Let's test our Qwen3 agent by asking it about OpenVINO GenAI. The agent will use its thinking capabilities and available tools to provide a comprehensive response.

In [None]:
agent.run("What is OpenVINO GenAI? What are the latest features?", reset=True)

## 🚀 Launch Interactive Gradio Demo

Now let's create an interactive web interface using Gradio. This will provide a user-friendly chat interface where you can interact with the Qwen3 agent in real-time, showcasing the accelerated performance from OpenVINO GenAI's speculative decoding.

In [None]:
from smolagents import GradioUI

# Create and launch the Gradio interface
demo = GradioUI(agent)
demo.launch(share=False)

## 🎉 Summary

Congratulations! You've successfully implemented and deployed a high-performance Qwen3 agent with accelerated inference.
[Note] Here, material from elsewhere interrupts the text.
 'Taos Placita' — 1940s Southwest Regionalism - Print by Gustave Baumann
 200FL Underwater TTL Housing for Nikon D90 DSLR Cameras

Here's what we accomplished:

### What We Built:
- **OpenVINO GenAI Server**: Deployed Qwen3-8B with speculative decoding using a 0.6B draft model
- **Smolagents Integration**: Created a tool-calling agent with access to base tools
- **Interactive Interface**: Launched a Gradio web UI for real-time interaction

### Key Performance Benefits:
- **1.6x faster inference** compared to standard auto-regressive generation
- **Optimized for Intel hardware** using OpenVINO's acceleration
- **Real-time tool calling** with thinking capabilities enabled

### Technical Stack:
- **Intel OpenVINO GenAI** for optimized inference
- **HuggingFace Smolagents** for agent framework
- **Qwen3 models** (8B target + 0.6B draft) for speculative decoding
- **Gradio** for interactive web interface

### Expanding Agent Capabilities:
With smolagents, you can easily extend your agent by:
- **Custom Tools**: Add domain-specific tools for specialized tasks
- **MCP Integration**: Connect to Model Context Protocol servers for external capabilities
- **Sub-Agents**: Create hierarchical agent systems with specialized sub-agents

You now have a working demonstration of accelerated AI agent inference on Intel AI PCs with tool-calling capabilities!